Incapacitated and Alone:
Healthcare Decision Making for Unbefriended Older People
By Naomi Karp and Erica
Wood
Editors Note:
The following article highlights key findings from Incapacitated
and Alone: Health Care
Decision-Making for the Unbefriended Elderly (ABA Commission on Law
and Aging 2003), written by Ms. Karp and
Ms. Wood with support from the Fan Fox and Leslie R. Samuels Foundation
and in collaboration with the Samuel
Sadin Institute on Law, Brookdale Center on Aging of Hunter College.
After ten years in
a nursing home, an indigent eighty-nine-year-old Alzheimers patient
with no living relatives is
admitted to the hospital with a high fever. Nursing home staff know
of no friend or outside contact. Indeed, he has
not had any visitors for many years. Doctors find the patient to be
suffering from severe bedsores and a systemic
infection and determine he is unable to make decisions about his treatment.

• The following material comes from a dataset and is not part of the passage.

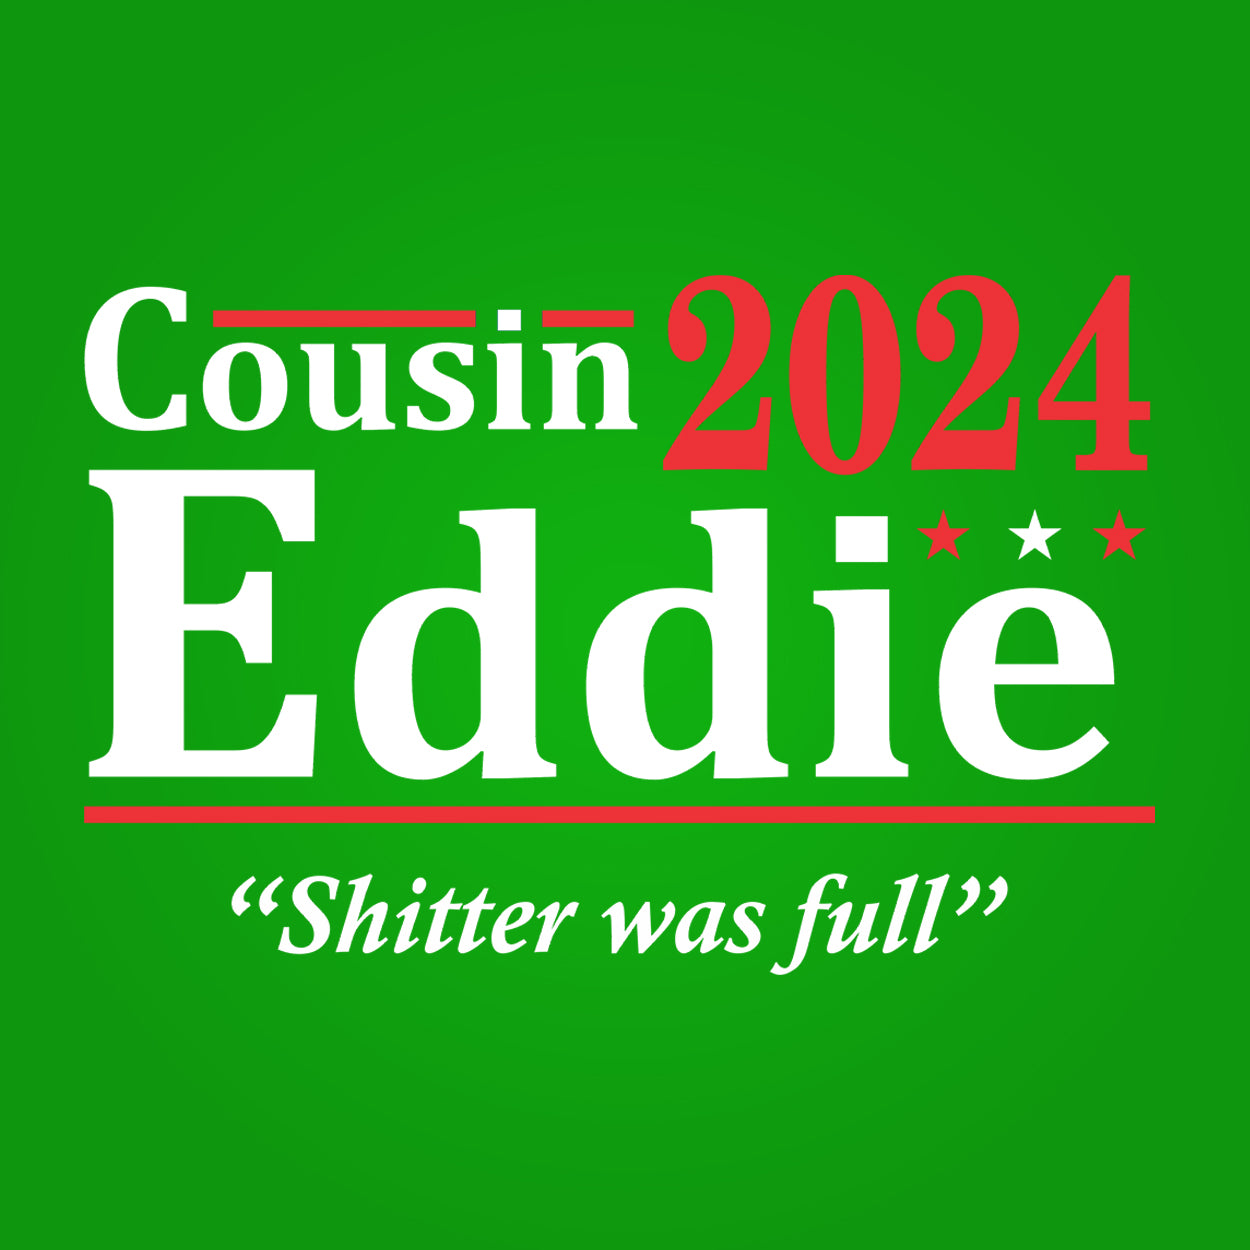 Cousin Eddie 2024 Election Tshirt - Donkey Tees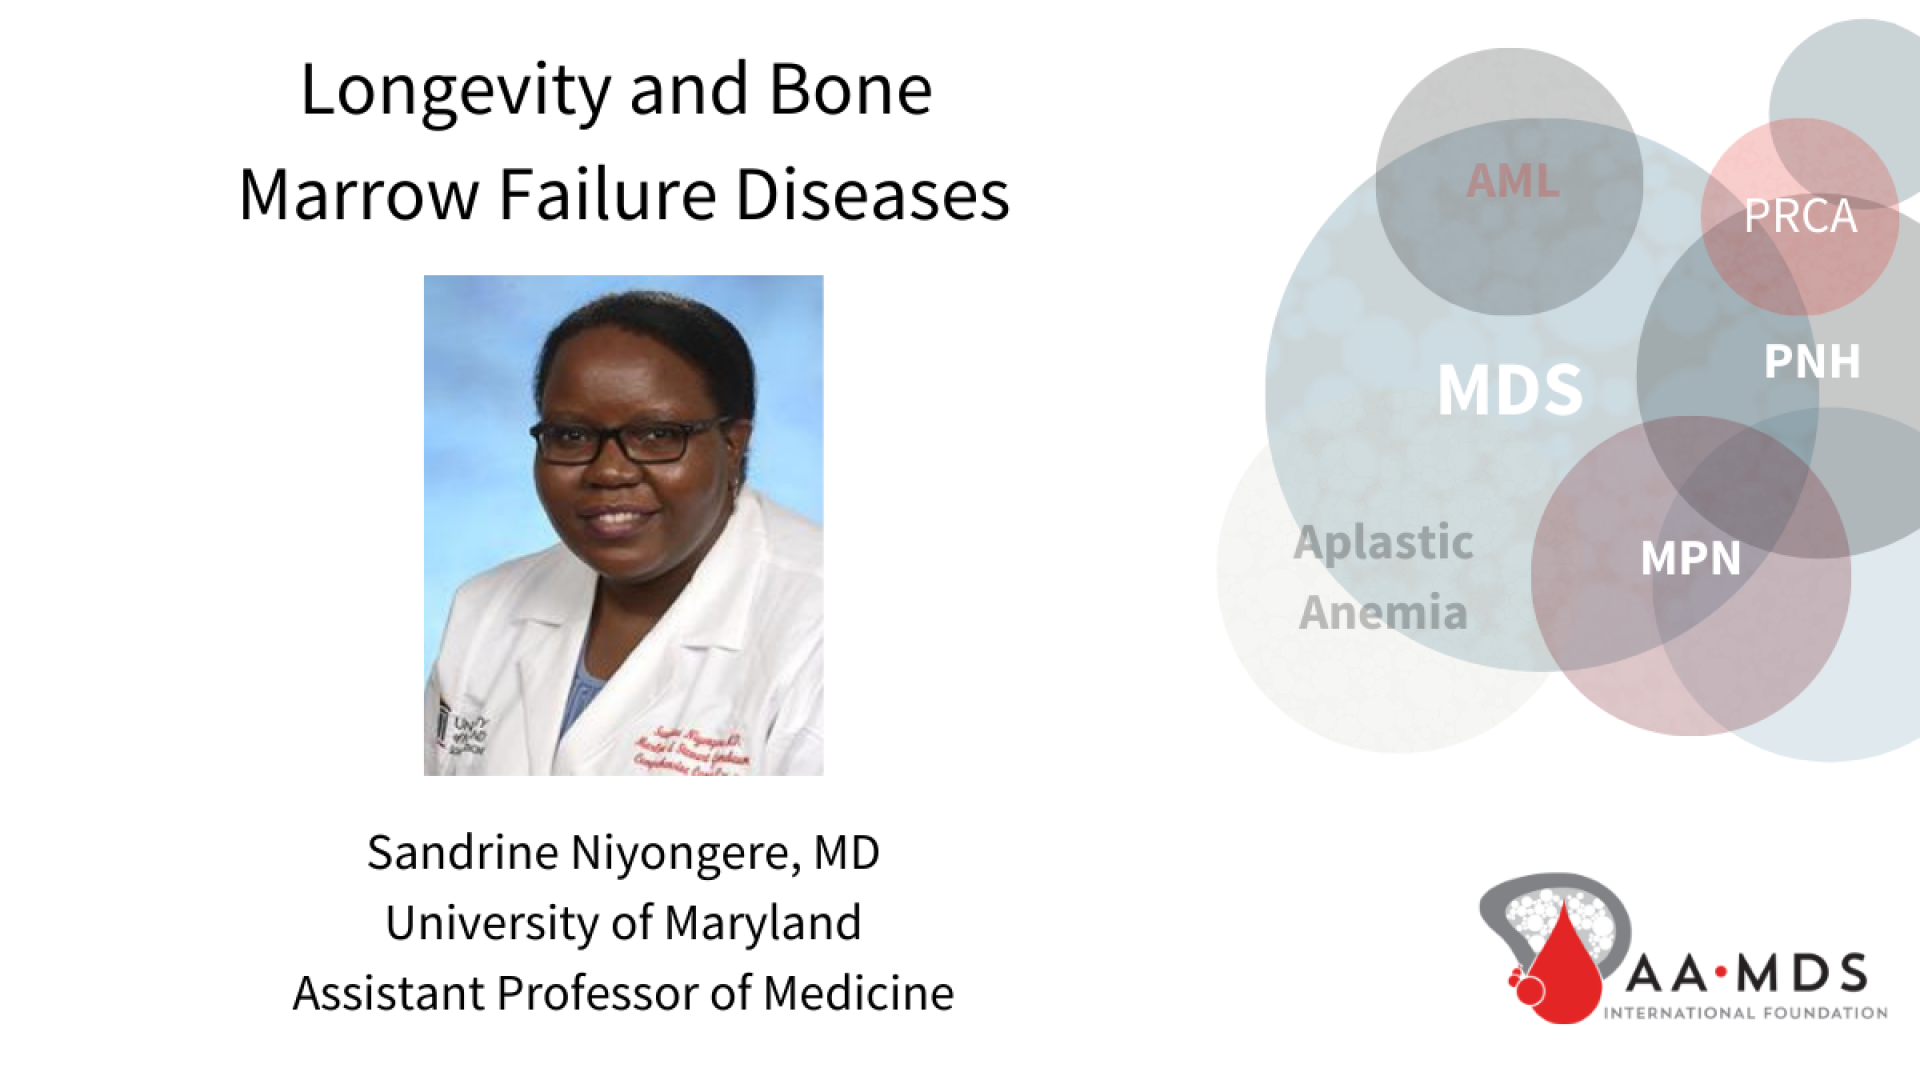 longevity and bone marrow failure diseases

The locale has no public guardianship
program, and the state program is severely overburdened and underfunded.
Without an authorized decision
maker, how can hospital medical personnel provide treatment and determine
the best course of action?
An eighty-four-year-old
woman lives alone in a Washington, D.C., apartment. She had a professional
career
with the federal government until her retirement in 1990 and never married.
Two weeks ago she didnt answer the
door when her housecleaner arrived. When the building manager opened
the door, he found the resident unconscious on the floor. The apartment
was a mess, and the refrigerator was empty. Emergency room physicians
found she was in a diabetic coma. She was admitted and stabilized, but
a consulting psychiatrist says she has dementia and is not able to make
healthcare decisions. Hospital discharge planners are unable to find
a nursing home placement, although she has money in the bank, because
no one is responsible for her. Should the hospital file for guardianship
to facilitate long-term care placement?
According to a bioethicist
at a major urban hospital, The single greatest category of problems
we encounter
are those that address the care of decisionally incapable patients .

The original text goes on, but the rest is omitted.